> Data segment:
==============================

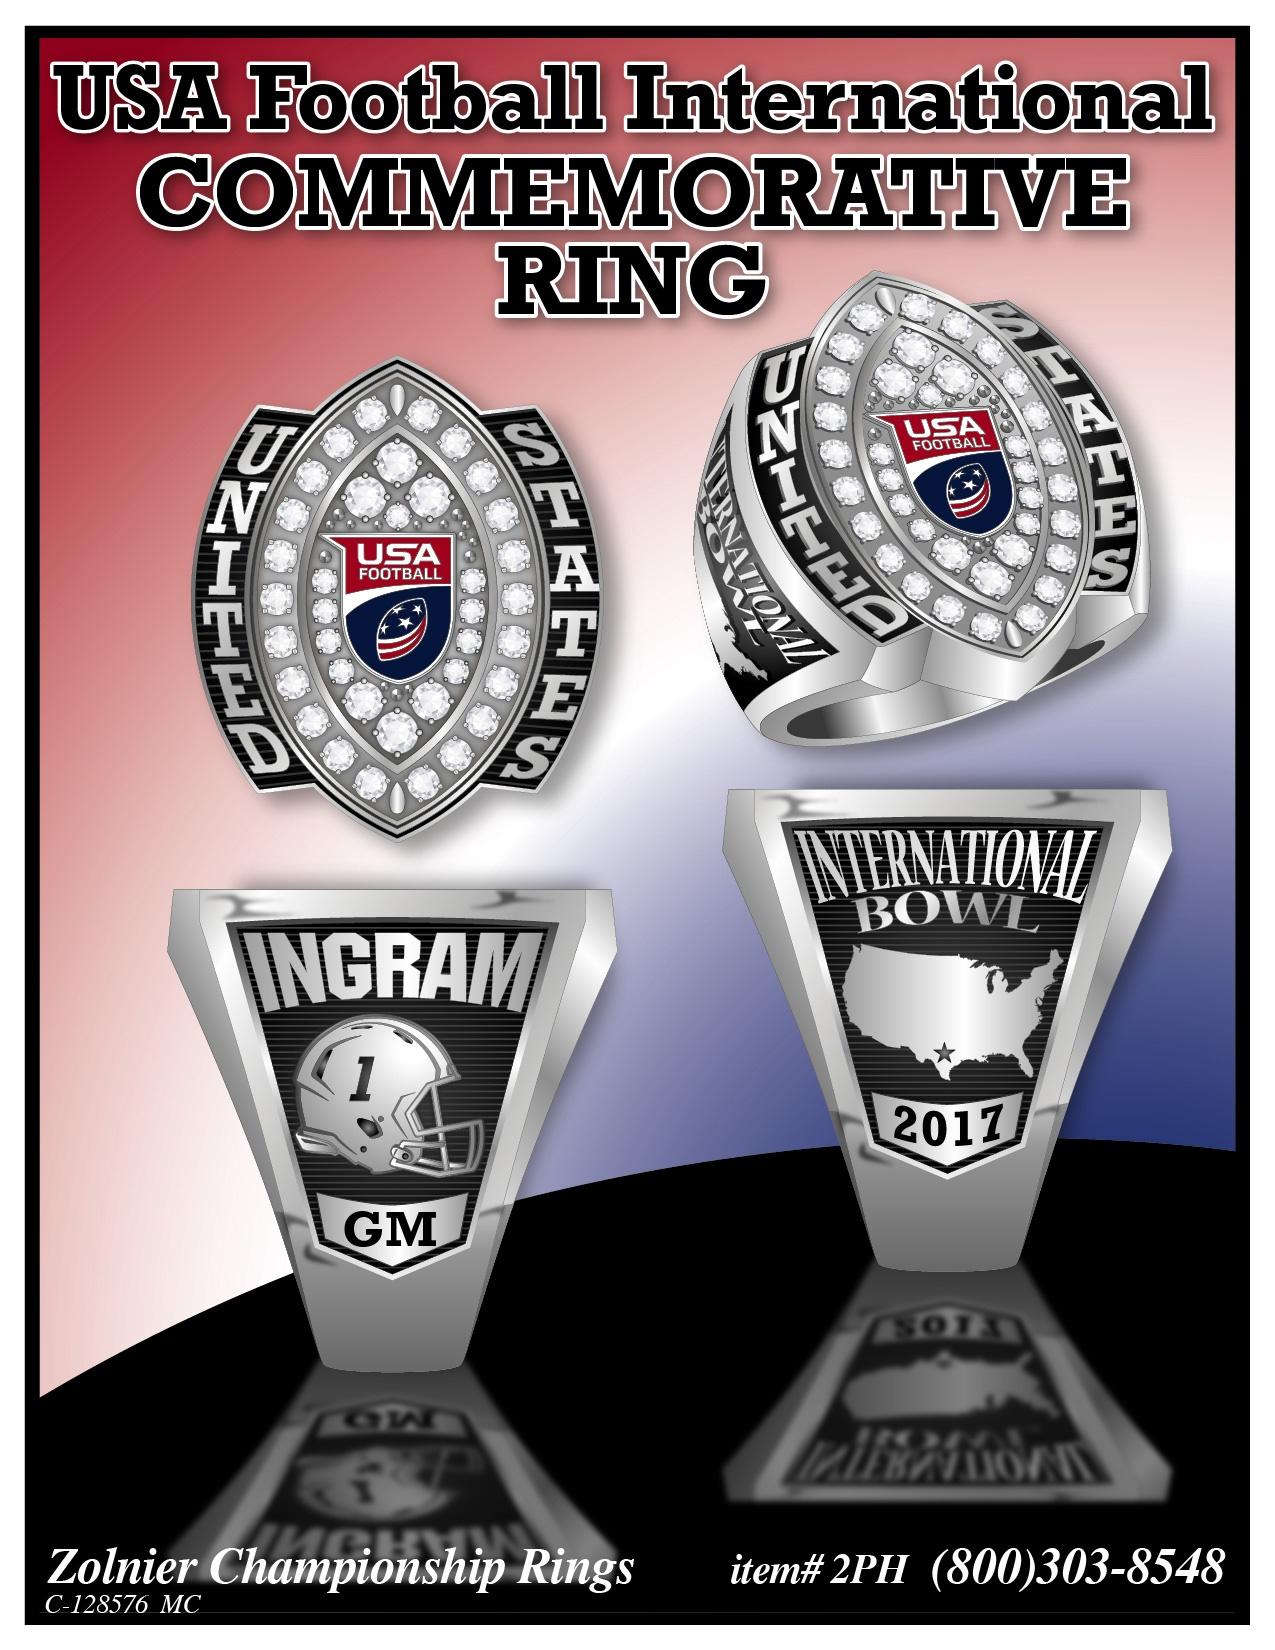 C-128576 USA Football International Commemorative Ring
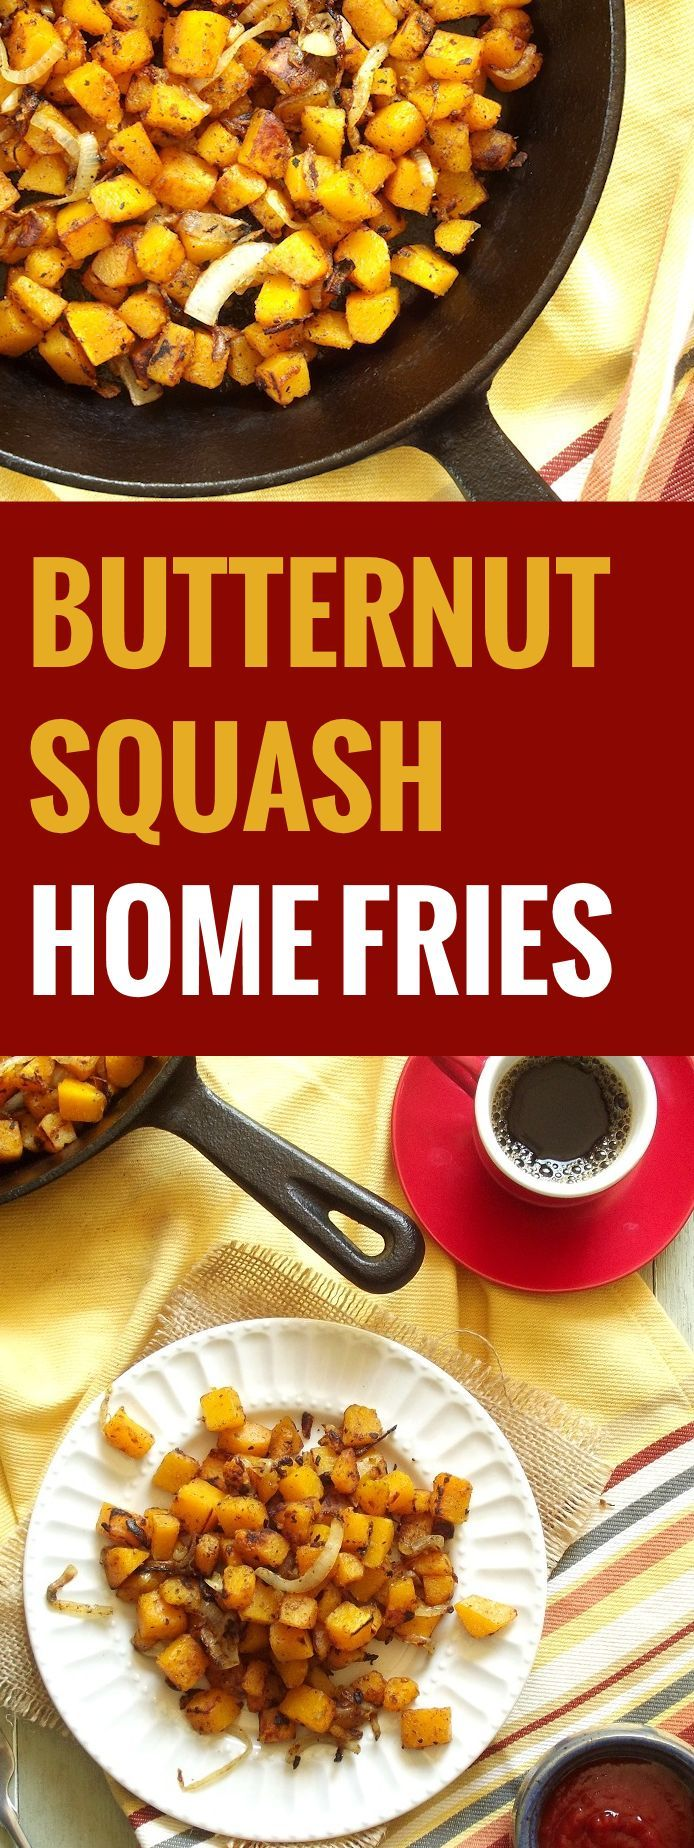 Butternut Squash Home Fries
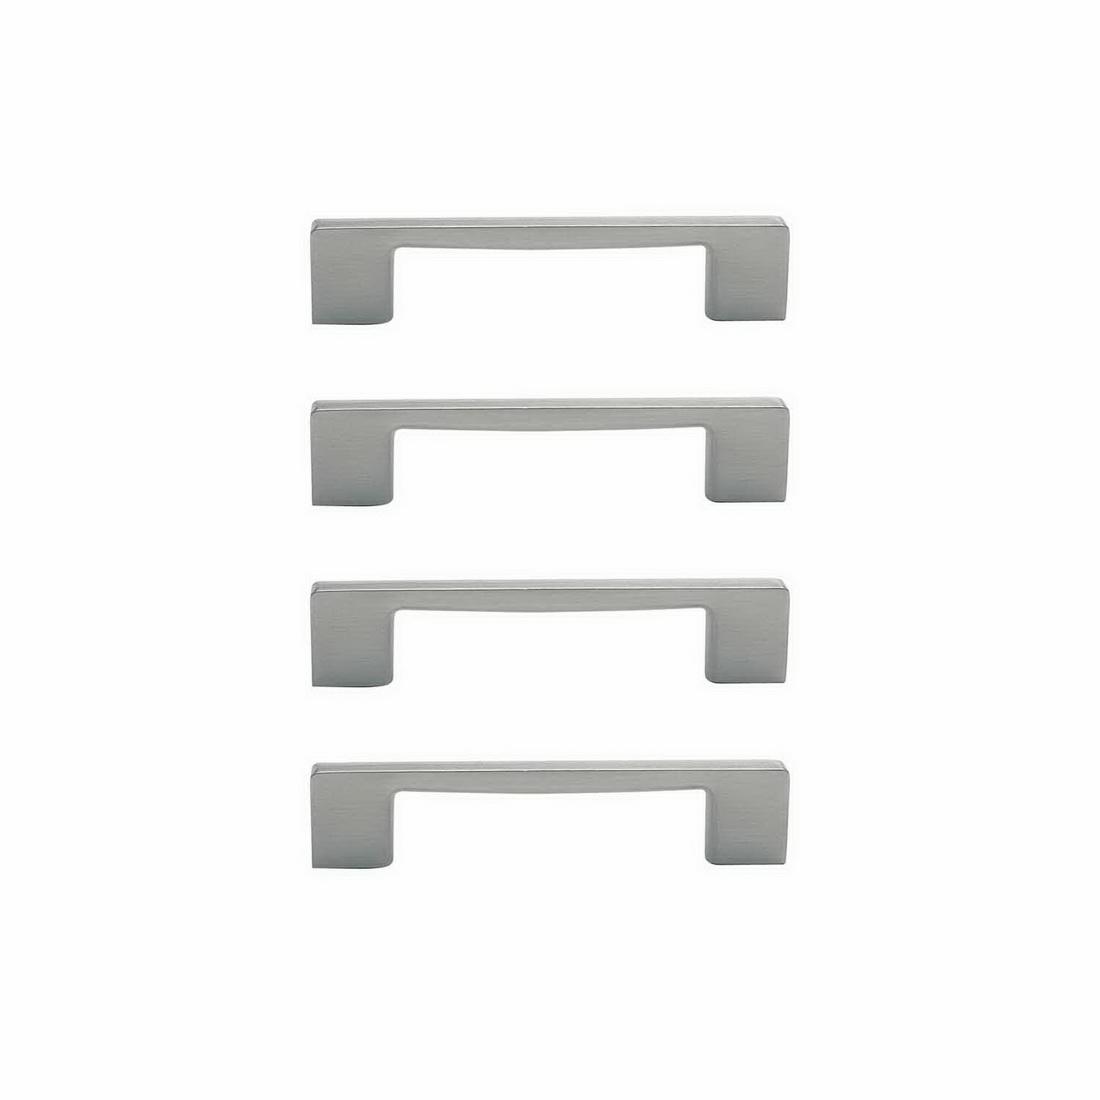 Marco Cabinet Handle 96mm Zinc Die-Cast Brushed Nickel 4 pack 6336-4-BN
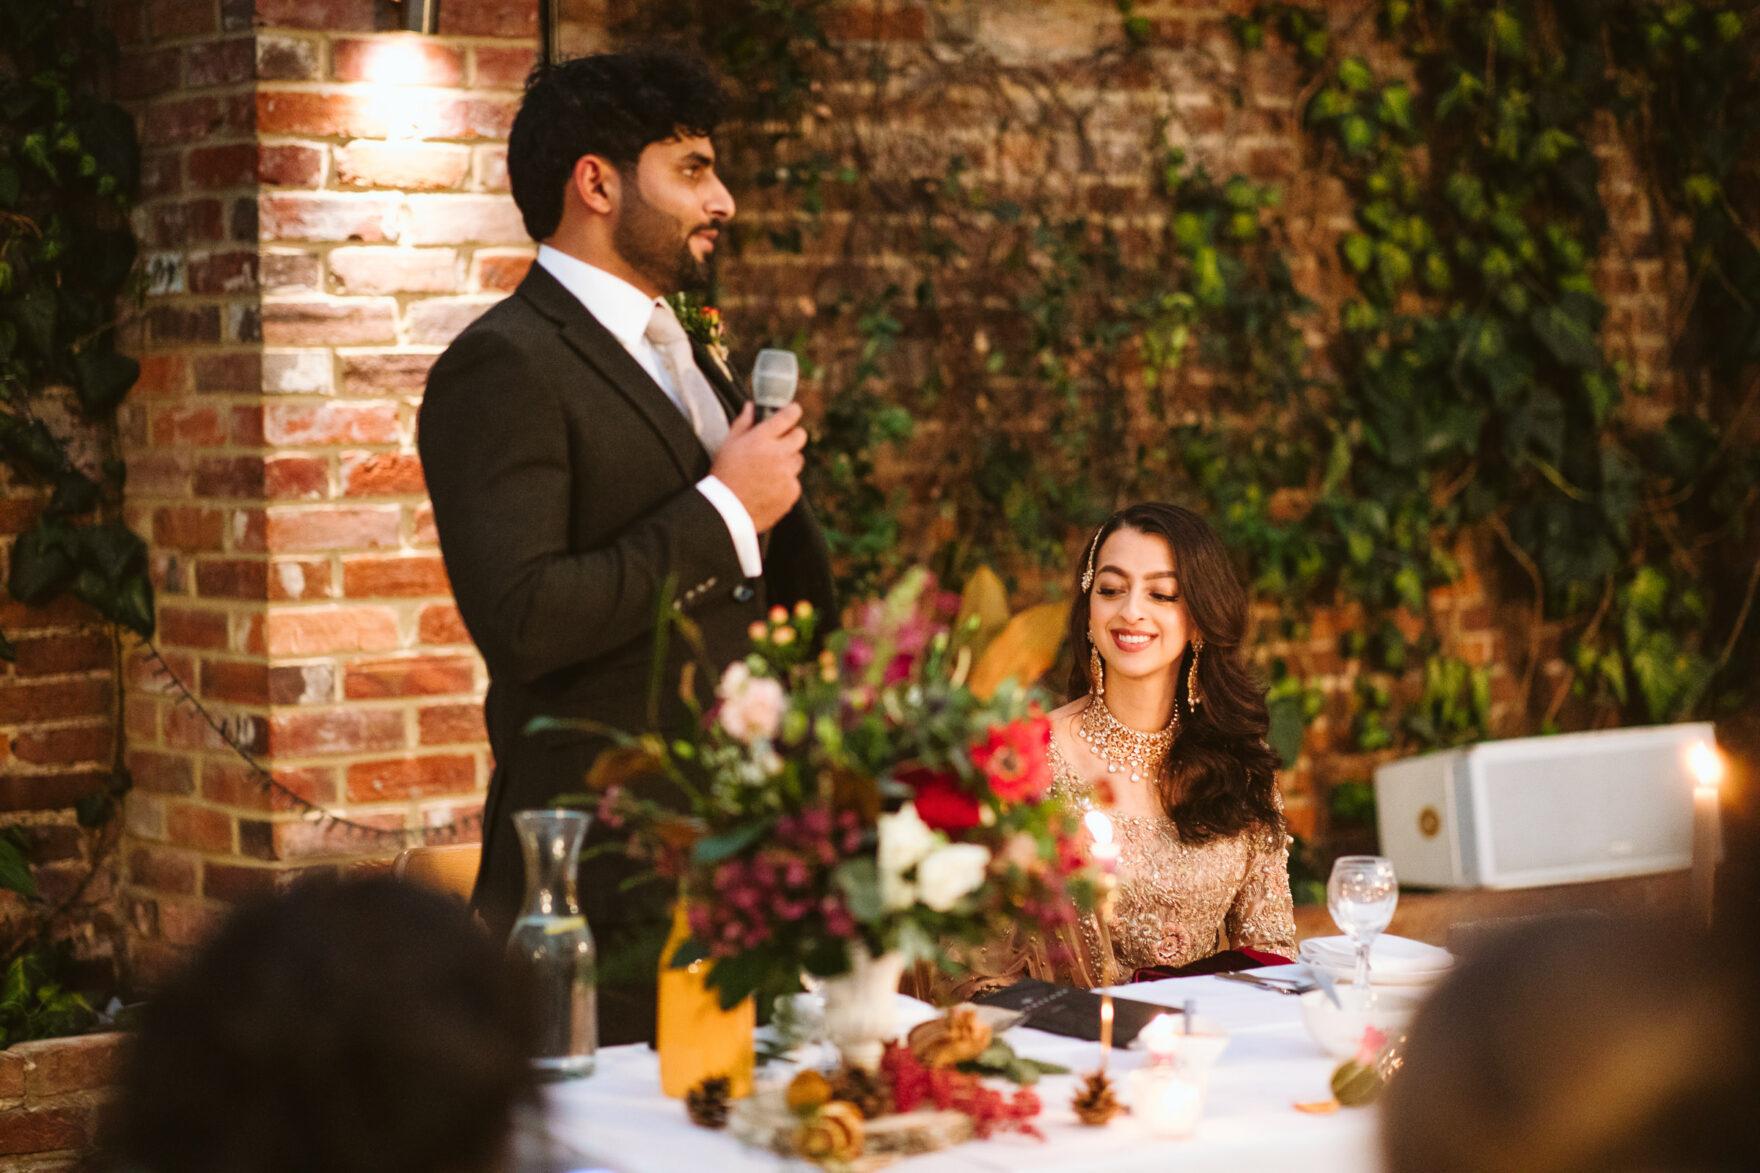 Muslim Groom speeches at his Islamic Wedding

==============================

> Task item: Give again, word for word, only the lines from the line containing "Butternut Squash Home Fries" through the last line above, both included; leave the pictures out.

> Response to the task:
 Butternut Squash Home Fries
 Marco Cabinet Handle 96mm Zinc Die-Cast Brushed Nickel 4 pack 6336-4-BN
 Muslim Groom speeches at his Islamic Wedding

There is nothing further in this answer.